We’ve been a National Library for just over 50 years. Things have changed quite a bit in those 50 years, including of course the arrival of digital materials, closely followed by the internet as a way of communicating digital materials. We recognise that there is digital, and there is “online”, and sometimes digital is online. To be able to confidently collect online digital content, maintaining a sense of content, context and structure is a capability gap that we’ve been working around for a while. We’ve been operating in the space for a while; our first whole of domain is nearly 10 years old.
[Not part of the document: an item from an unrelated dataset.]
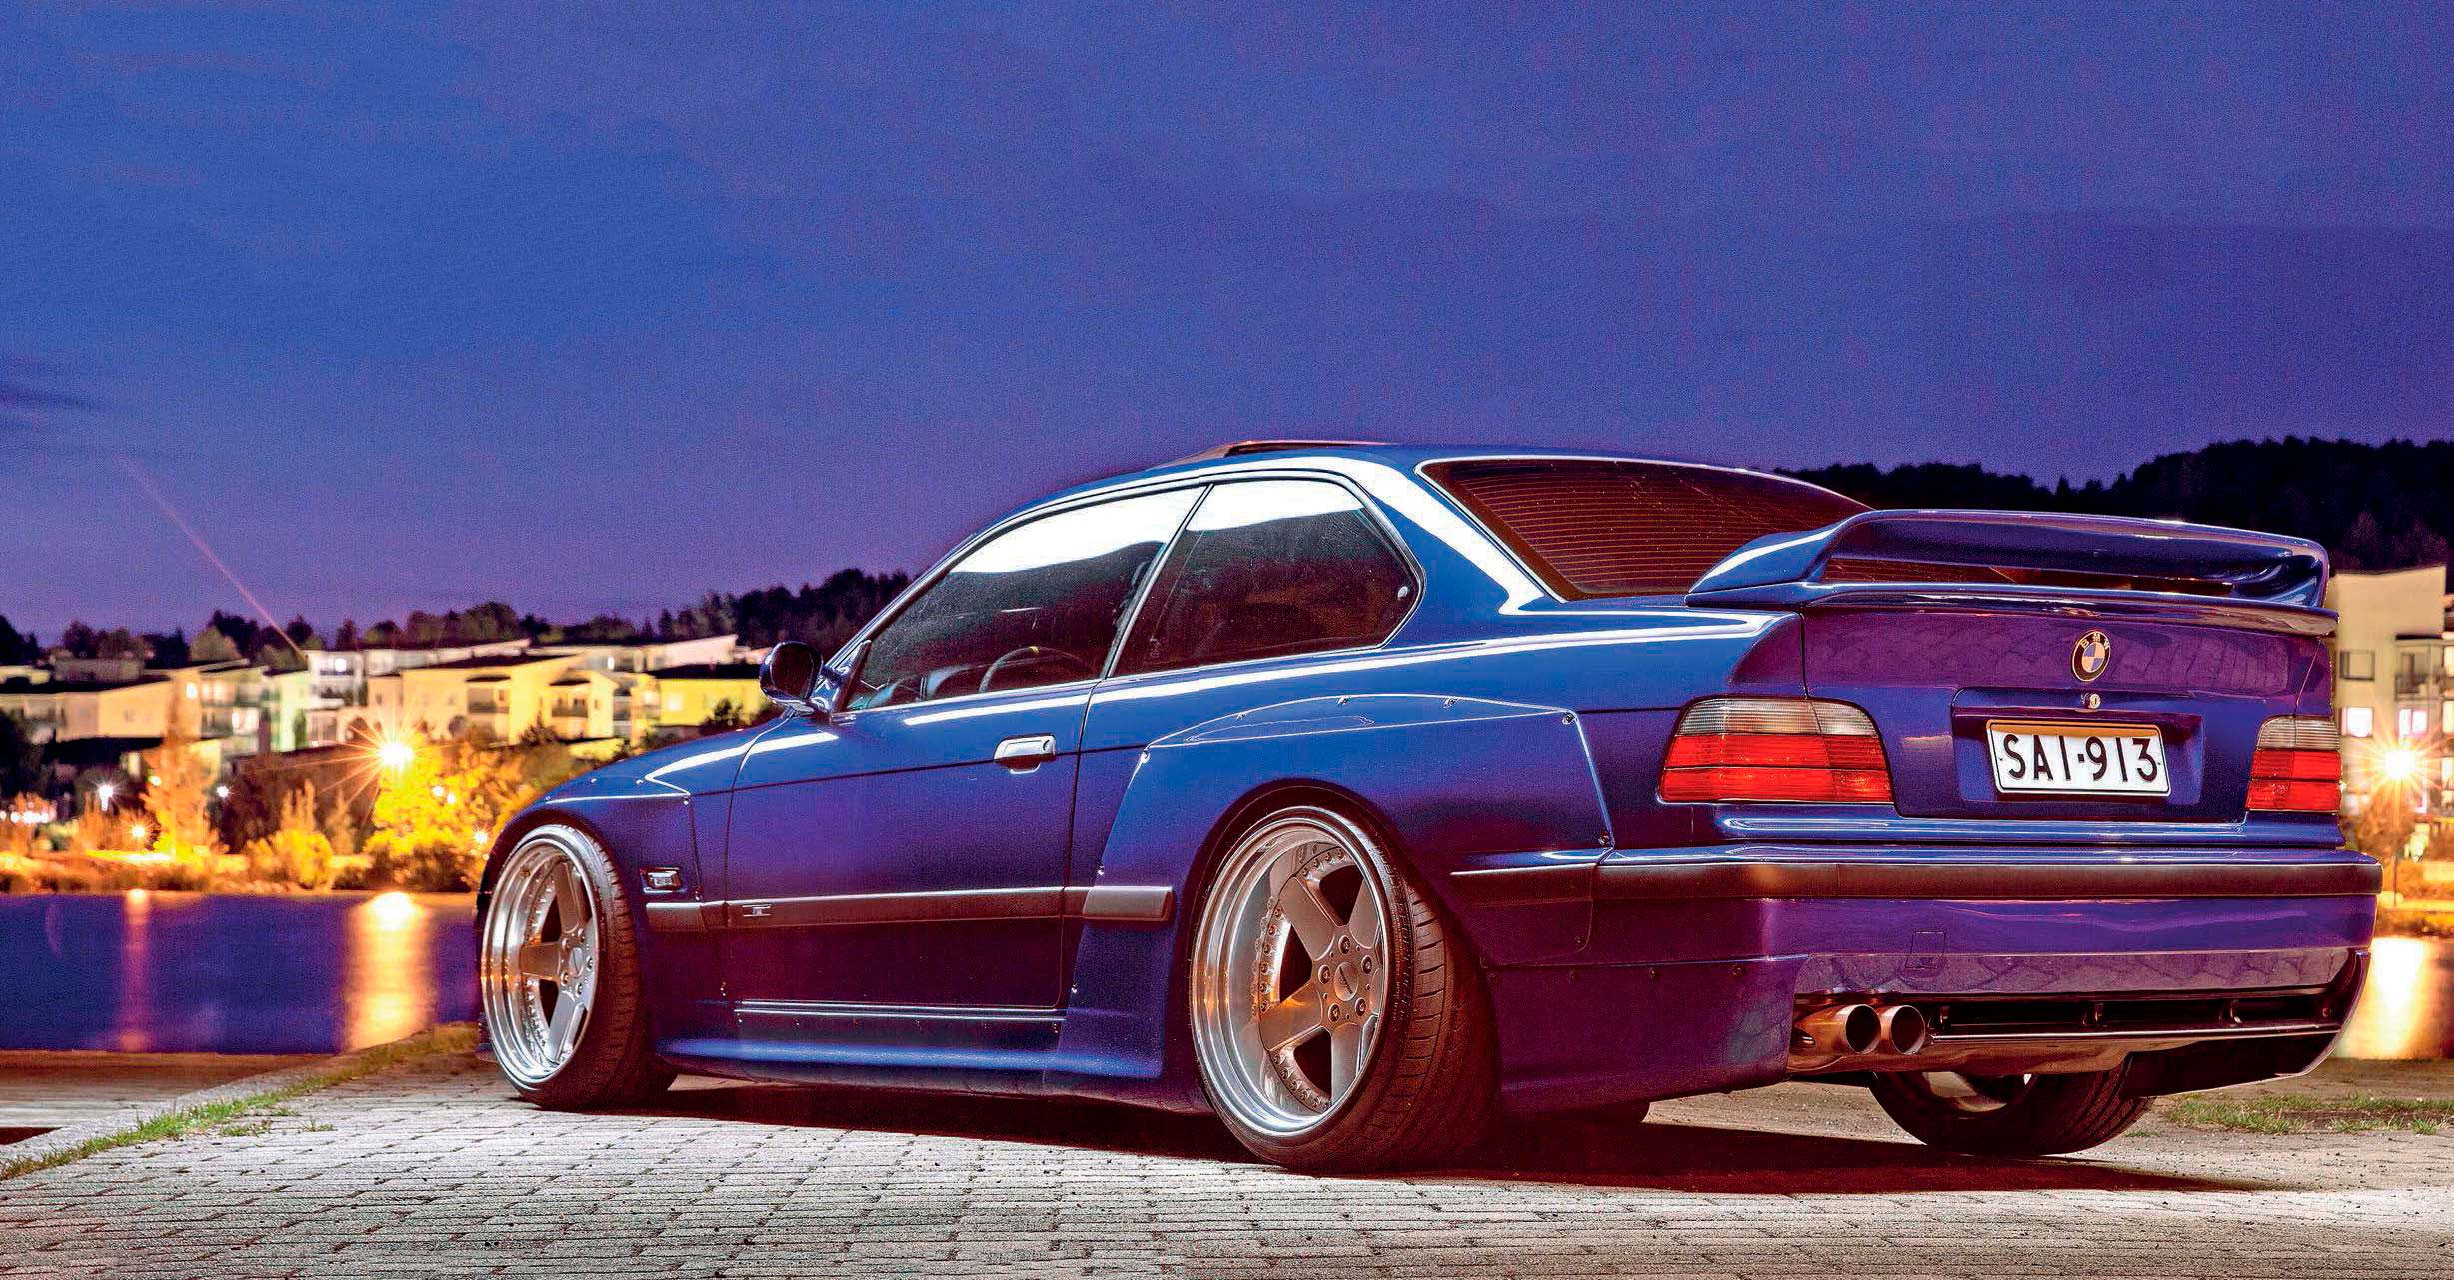 965bhp tuned Turbo widebody BMW M3 Coupe E36 DriveMy

Going back further, and with gratitude to the Internet Archive, we also have a copy of the Geocities archive that we know contains New Zealand relevant content.
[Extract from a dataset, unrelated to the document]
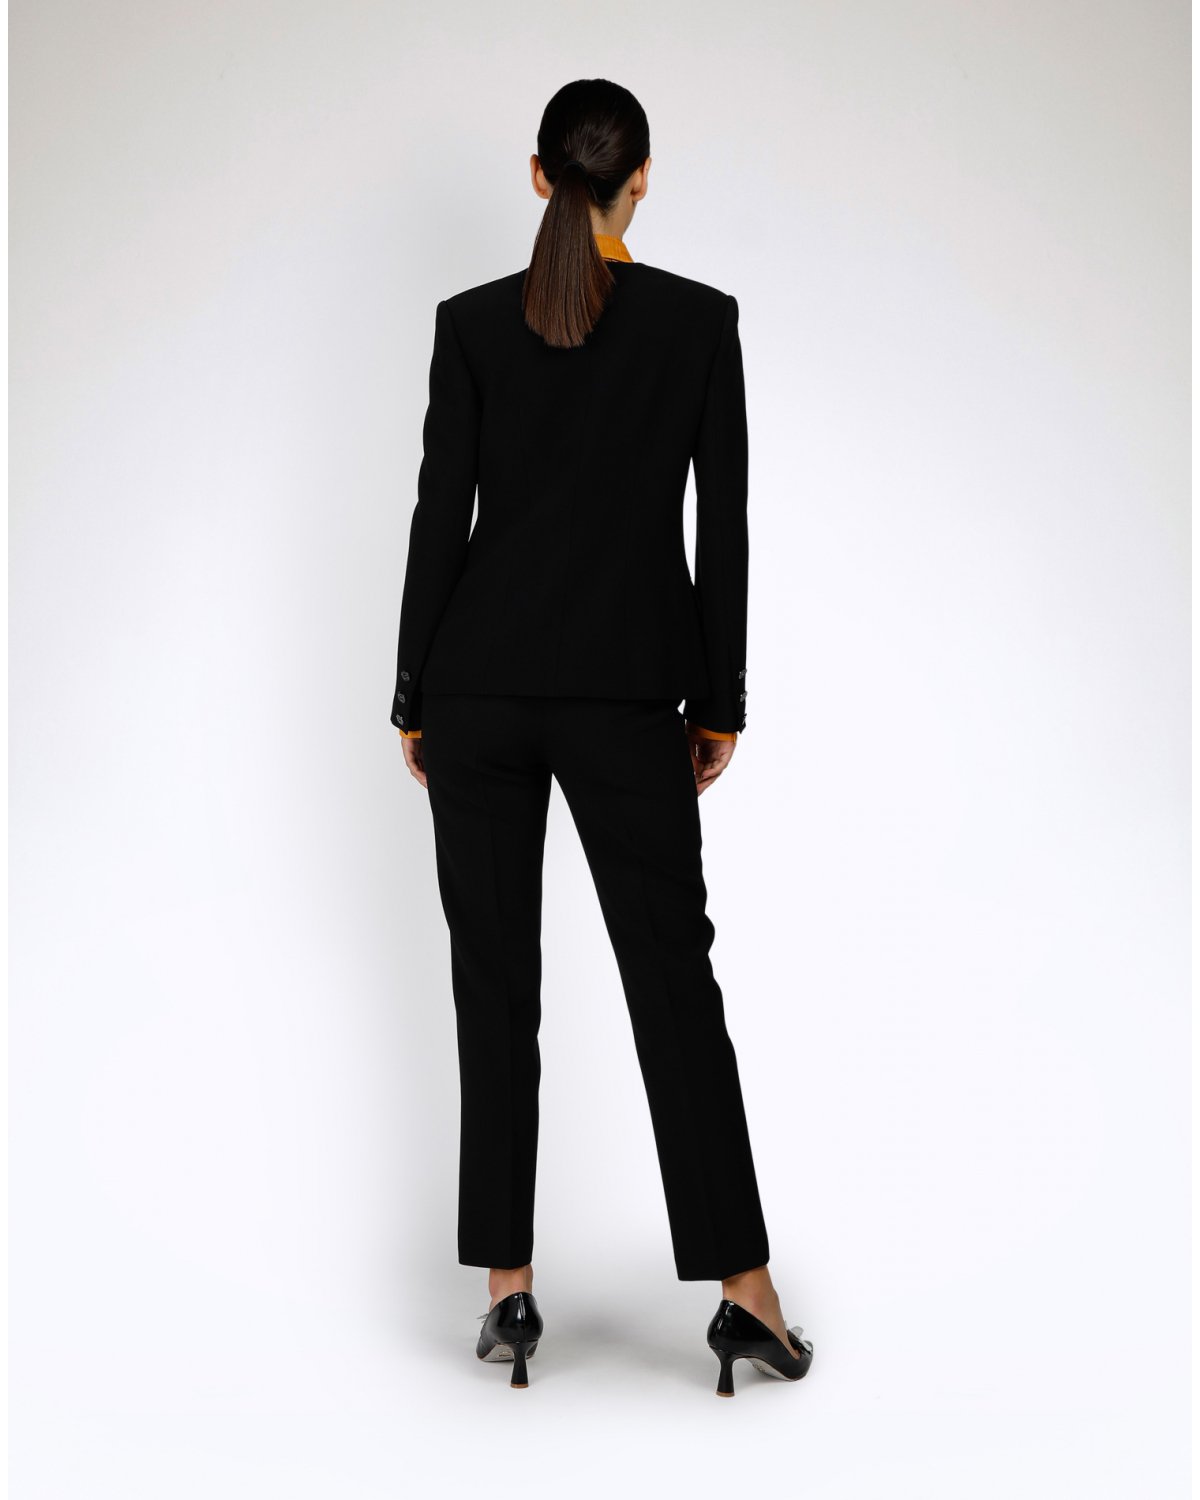 Black twill blazer | Party Collection, Evening Essential | Genny

This includes harvesting via the Library’s selective and whole-of-domain web archiving programmes and the design, deployment and implementation of mechanisms for storing, indexing and providing access (including data mining) to the web collections.

We’ve been making .nz whole-of-domain harvests since 2008, and we now have six significantly sized whole of domain harvests to think about. These are multi-terabyte resources, comprised of millions of digital artifacts. They are cumbersome the point of being virtually impenetrable and we want to get these collections visible to our readers through useful, responsive, and ultimately thoughtful mechanisms.
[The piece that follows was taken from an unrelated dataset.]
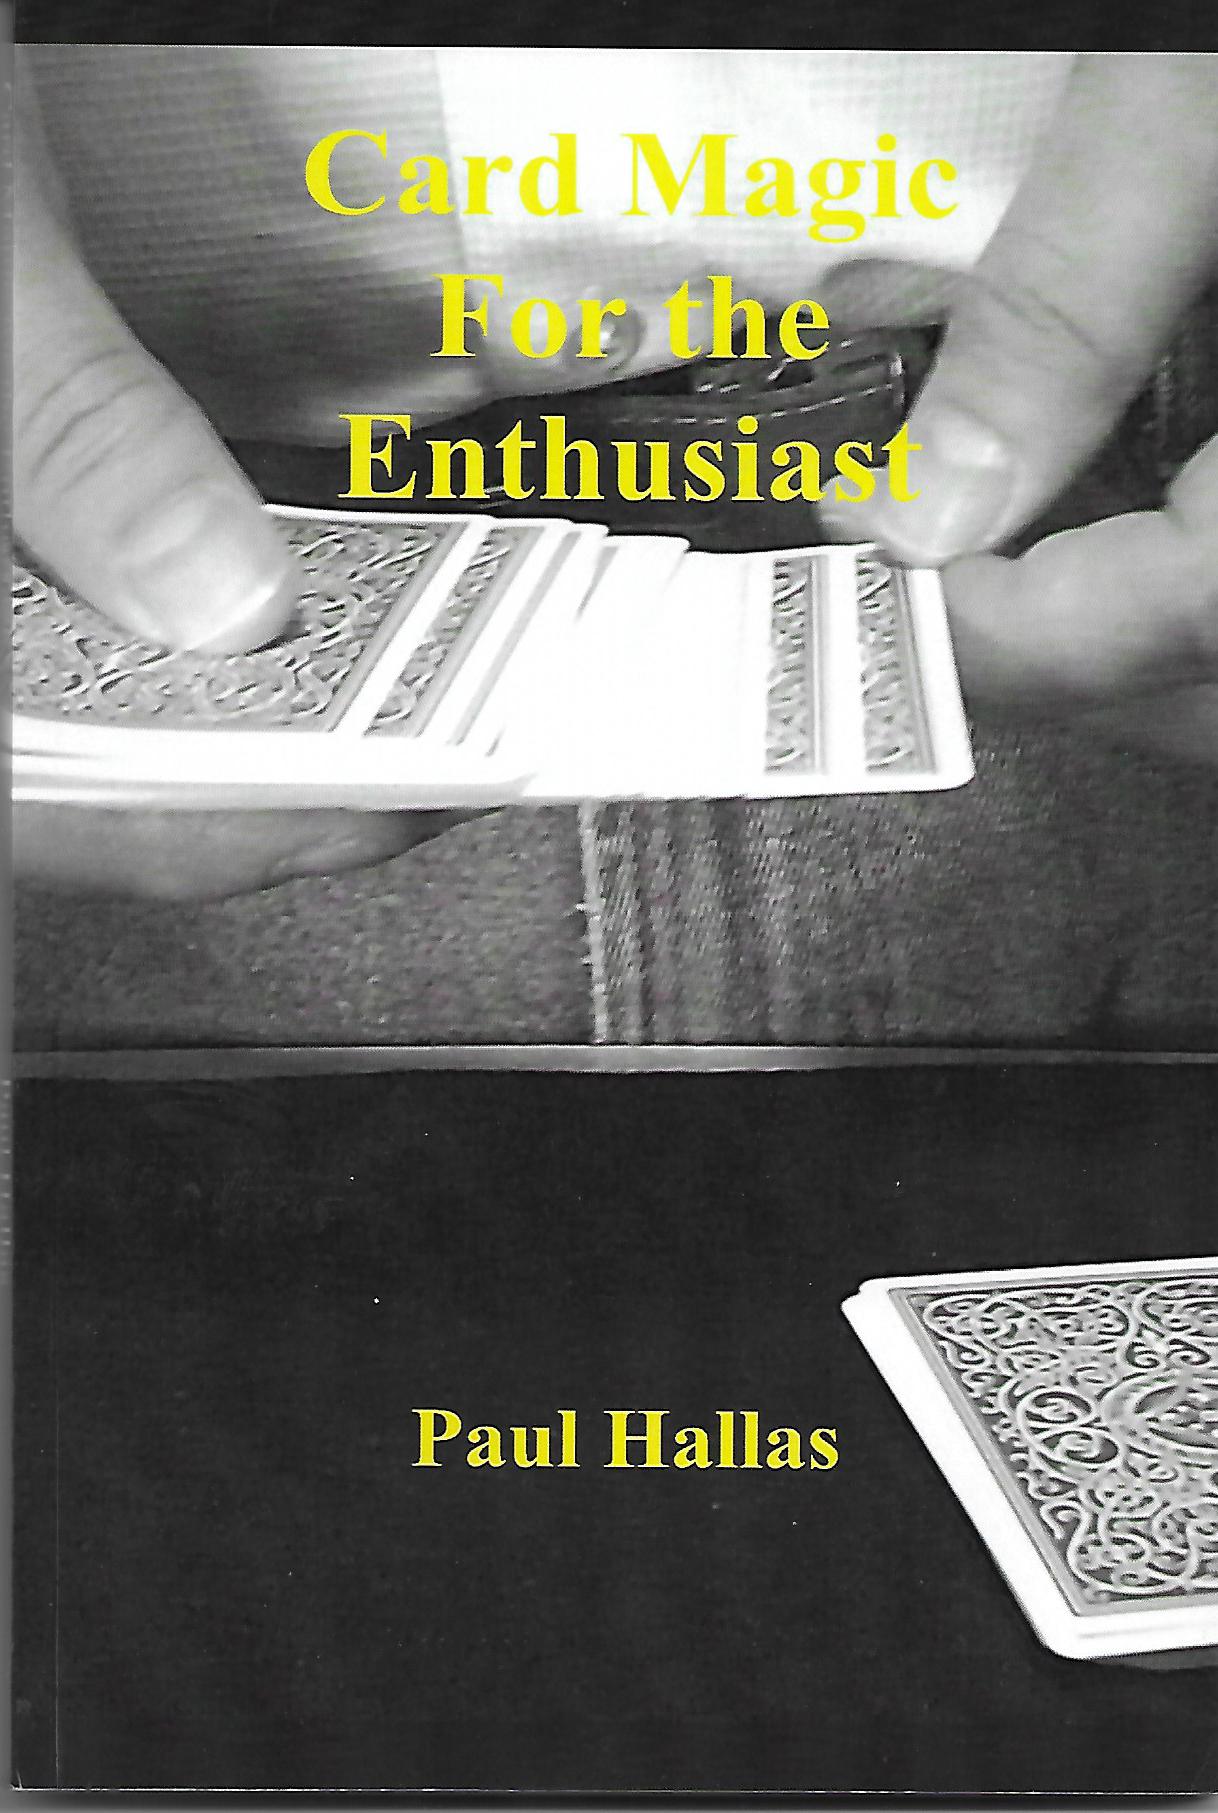 Card Enthusiast

We also have other web collections that we need to stitch into our historical memory of the web. Our selective harvests have been running for over 10 years, starting with HTTrack based content, through various iterations of Web Curator Tool created harvests.

This range of inputs leads us towards many questions as we try and address the meaningful delivery of this content to a readership that’s still establishing its own needs.

  • Do we use OpenWayBack, or WayBack as our delivery mechanism, or is it cleaner to derive our own arc/warc interrogation methods?
  • Do we blend all our collections into one sensible “lump” and leverage existing processes like Memento or Solr to feed into a smart search interface that makes sense of this giant blob of things…
  • What does a researcher want to see from our web harvested collections? Is it just access to a webpage or two? Text extracts? Binary item extracts? Sets of things? A diff of a resource over time?
  • What does a library catalogue record for these things look like? We currently have a high level descriptor that ring fences each WOD instance as a mega record, but what does more granular description look like, especially if we’re expecting to offer long term and reliable URIs for individual websites that form part of these WOD lumps? What can be automated, and what does “quality” measure of automated record creation feel like when we consider the need to generate millions of new records. How can we prevent these records swamping our existing catalogue methods/systems?
  • What does meaningful preservation of these items look like? Is WARC the only way forward, or should we be considering much more granular processing of sub-WARC items, effectively more than a billion individual files.
  • What does “social-media” mean in this space? Do we need special consideration for web based information that originates from contemporary social media platforms? If no, why not – where does that social context reside with a national heritage collection, if yes, why? What does that look like?
  • What does geographic territoriality mean for collecting heritage materials, especially when we overlay de facto legal instruments used by the Library to build its collections? What might changes to copyright legislation or social expectations of permanence/impermanence mean for contemporary collection building? How do we sensibly traverse the boundaries between technical comprehension and intellectual insight into the various units of information that we intend to collect in perpetuity?
  • What is a viable web object anyway? Is it sensible or desirable to harvest data APIs for structured data like JSON or XML? Or should we be confining our thinking to browser rendered human readable content?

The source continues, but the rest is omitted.